In 1898 Campbell went to India on the first of seven eclipse expeditions in which he actively participated: India (1898), Thomaston, Georgia (1900), Spain (1905), Flint Island (near Tahiti) (1908), Kiev (1914), Goldendale, Washington (1918), and Western Australia (1922). On the death in 1900 of James E. Keeler, director of the Lick Observatory and earlier Campbell’s mentor in spectroscopic observations, Campbell was made acting director of the Lick Observatory, an appointment that was confirmed as of 1 January 1901. It is a measure of Campbell’s stature in his profession that he was the nominee recommended by all of the twelve leading astronomers whose advice had been sought by the president of the university, Benjamin Ide Wheeler.
As director of the Lick Observatory, Campbell not only maintained its prominent position but in 1910, with the financial aid initially of Mills and later of others, established a southern station in Chile in order to obtain radial velocity observations of stars in the southern sky, to be used for the determination of the solar motion, a major area of Campbell’s research.
In 1923 Campbell entered another phase of his career by accepting appointment as president of the University of California. Although he retained the nominal directorship of the Lick Observatory, the nature of his publications changed in that he began to discuss problems of scientific organization and some problems of more popular scientific interest, along with his spectrographic work (done principally in collaboration with Joseph H. Moore) and his eclipse observations (done principally with Robert J. Trumpler); both collaborators were astronomers at the Lick Observatory. His publications also demonstrated an interest in the history of astronomy.
In failing health at the time of his retirement in 1930 and having recently lost the sight of one eye, Campbell returned with his wife to Mount Hamilton, planning to resume his scientific work. He was, however, invited to accept nomination for the presidency of the National Academy of Sciences, which position he assumed on 1 July 1931. During his term of office, 1931–1935, Campbell attempted to restore the preeminence of the National Academy of Sciences as an advisory agency to the government. His efforts were rewarded by the creation within the academy of the Government Relations and Science Advisory Committee. He must thus be viewed as a strong and successful exponent of the use of scientific advice by government at a time when this was not generally accepted practice.

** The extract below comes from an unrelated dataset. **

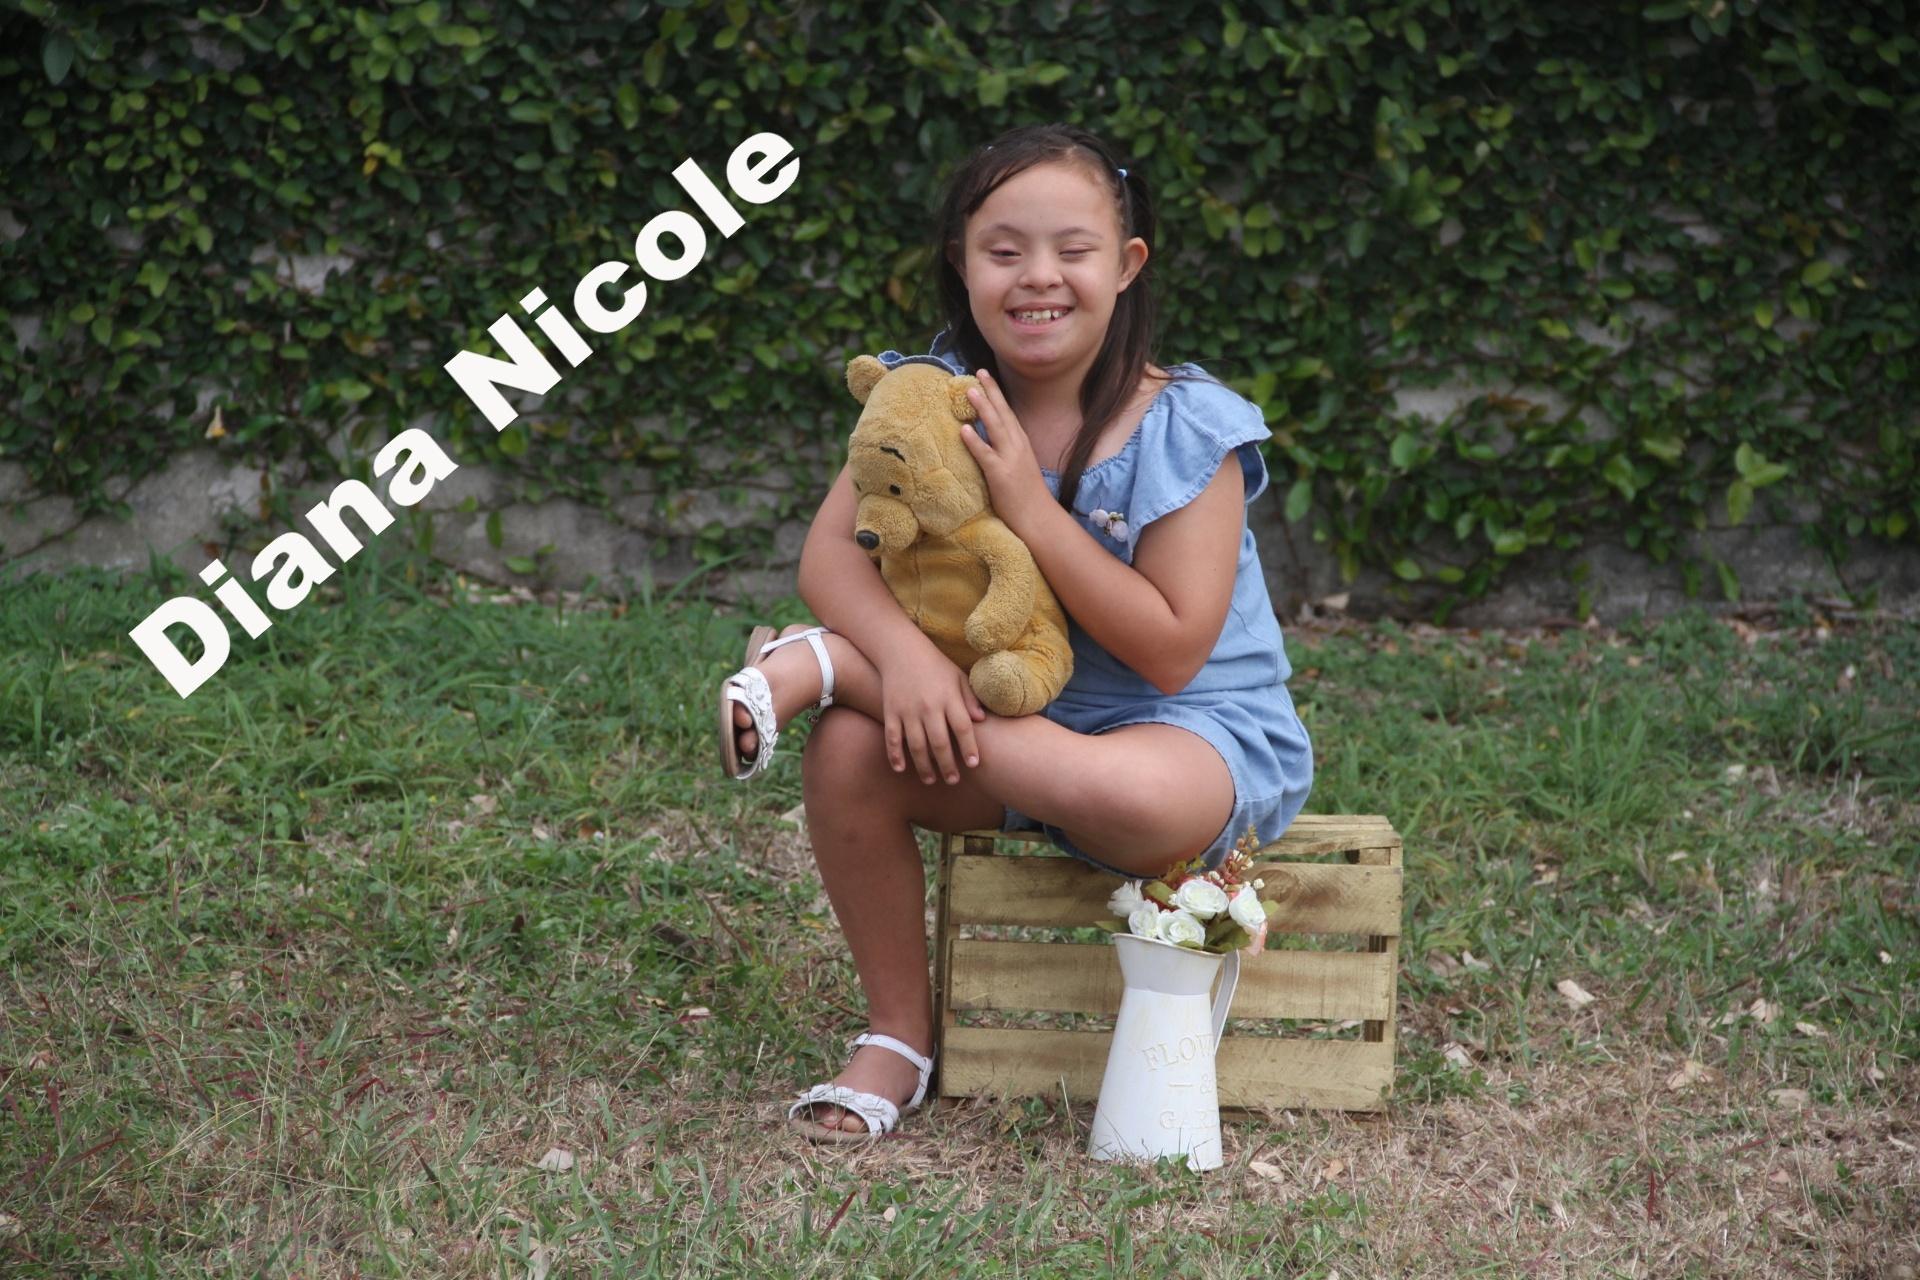 Diana Nicole
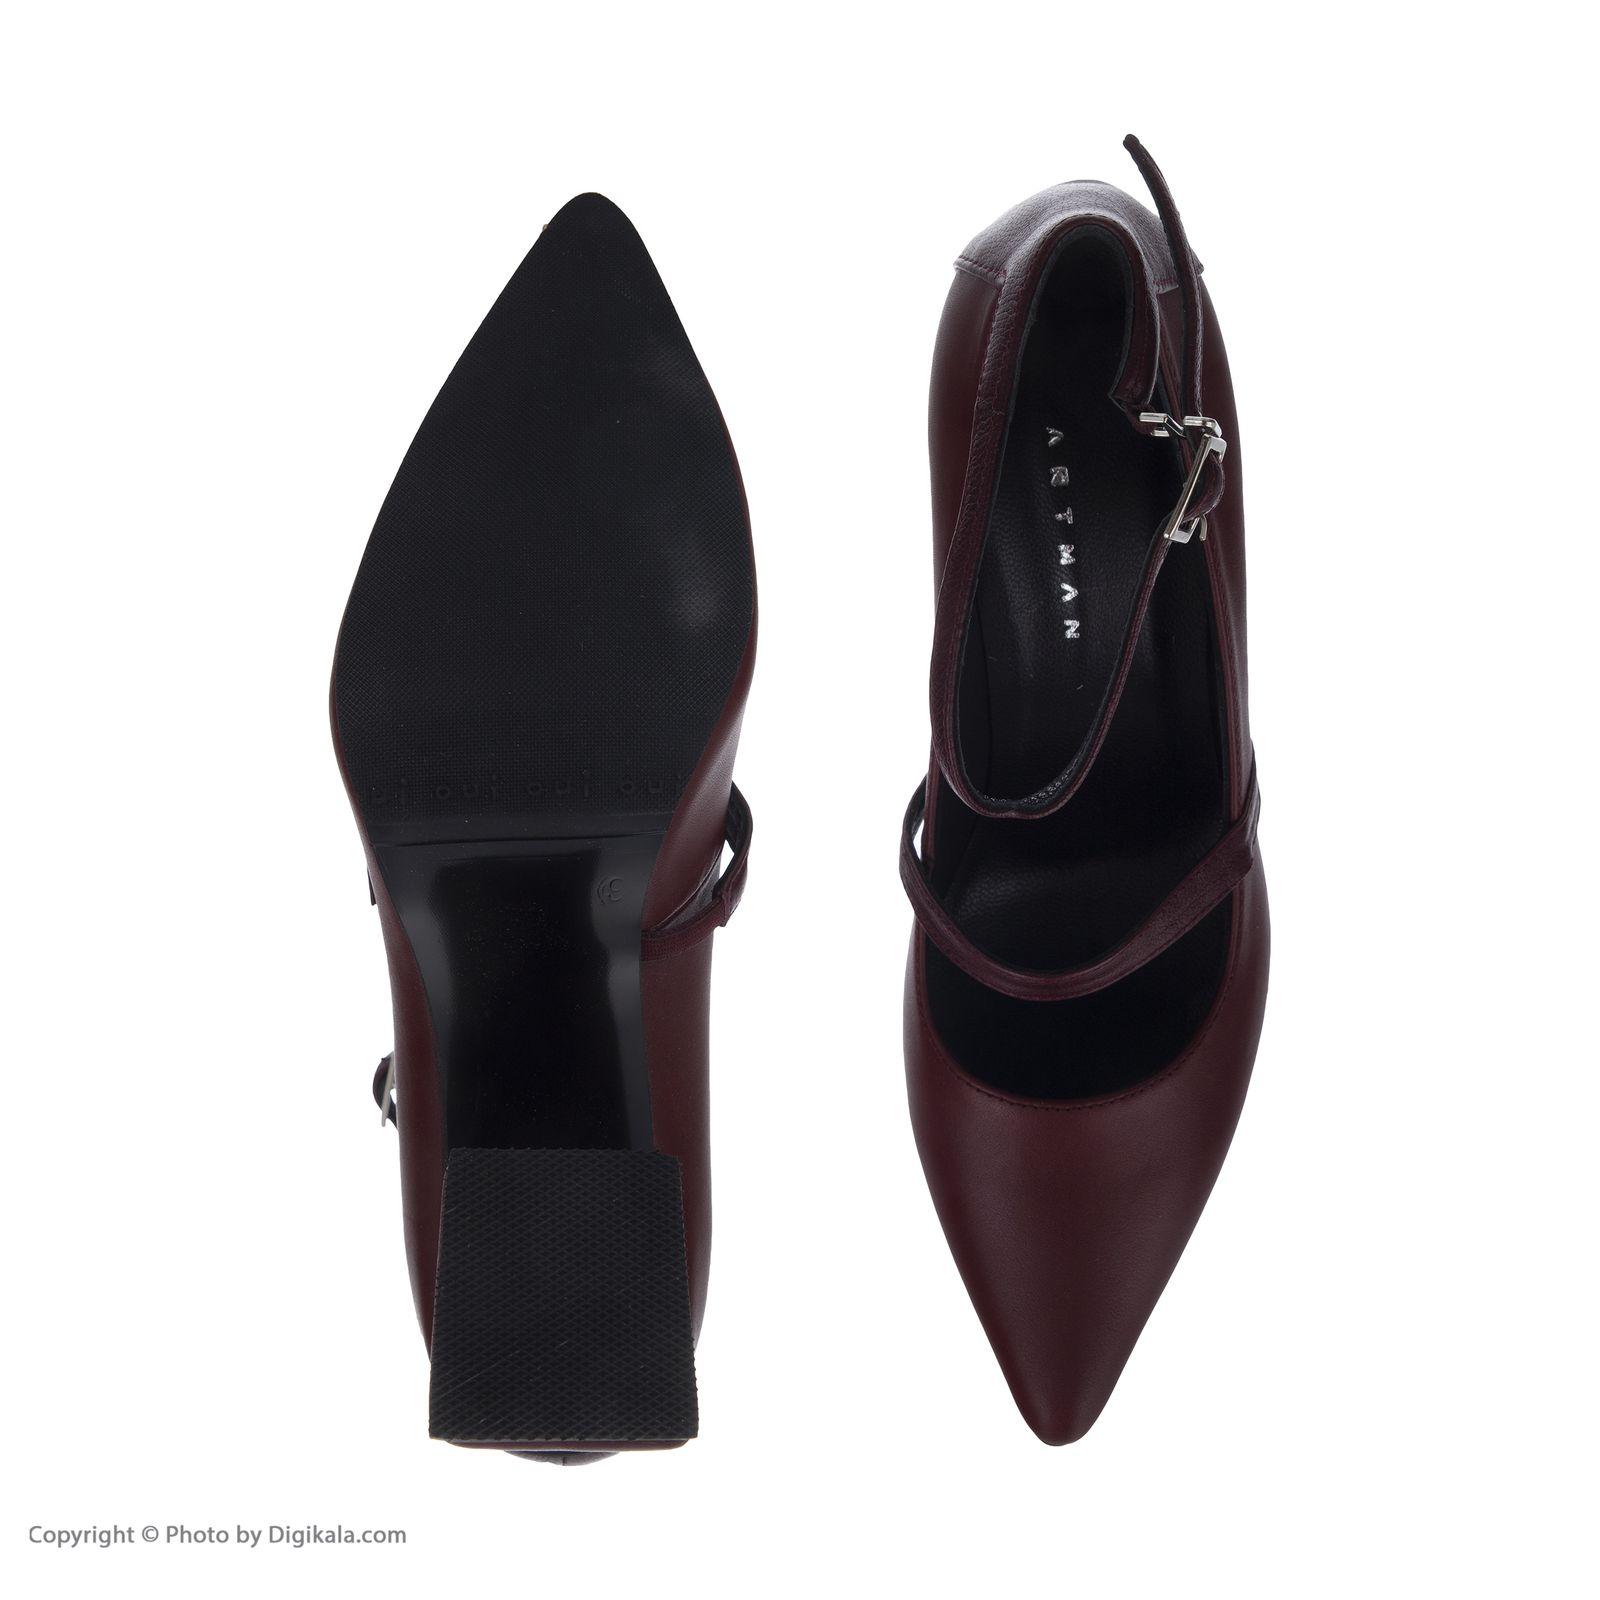 کفش زنانه آرتمن مدل Merry-41176 -  - 4

Campbell and his wife returned from Washington to Mount Hamilton in 1935 but soon moved to San Francisco. In retirement he continued his interest in astronomical events, delivered an address in tribute to Simon Newcomb at the Hall of Fame at New York University in 1936, and published an obituary of Ambrose Swasey (who had made the mounting for the thirty-six-inch refractor at the Lick Observatory) in 1937. In deteriorating health and fearing a total loss of vision, he did not wish to become a burden upon others and took his life on 14 June 1938.
Campbell’s early scientific career was in orbit computation. Using his own observations along with those of others, he gained that dedication to precision of observation and refinement of technique which is the mark of a great observational astronomer. Campbell did not make any notable advances in this field, although in 1891 he published “Corrections to Watson’s Theoretical Astronomy,” a list of errata for this standard work. That year he also published A Handbook of Practical Astronomy for University Students and Engineers. This was later revised and enlarged, reappearing as The Elements of Practical Astronomy (1899). It ran through numerous editions and has remained a standard text for many years.
At Lick Observatory, Campbell initially was introduced to spectroscopic observation through association with Keeler while a volunteer assistant in 1890. On joining the observatory’s permanent staff, he continued to work in this area; and although his equipment was not ideal and did not become truly satisfactory until the Mills spectrograph became fully operational in 1896, he made notable contributions in the observation of Nova Aurigae (1892), noting the changes in the spectrum from continuous to brightline. He also observed the characteristic brightband emission spectra of Wolf-Rayet stars and made the first observations of the variation in spectral intensity of the F line of hydrogen and of the green nebular lines. At the opposition of Mars in 1894 he observed its spectrum and concluded that the atmosphere of Mars was deficient in oxygen and water vapor and unable to support life. His observational results were not in accord with general belief, but Campbell vigorously defended them. In 1909 he led an expedition to observe Mars from Mount Whitney, so as to minimize the absorption spectrum of the earth’s atmosphere. In 1910 he again observed Mars from Mount Hamilton, this time at quadrature, when the relative radial velocity could best be used to separate lines of Martian origin from those arising in the terrestrial atmosphere. His earlier findings were confirmed.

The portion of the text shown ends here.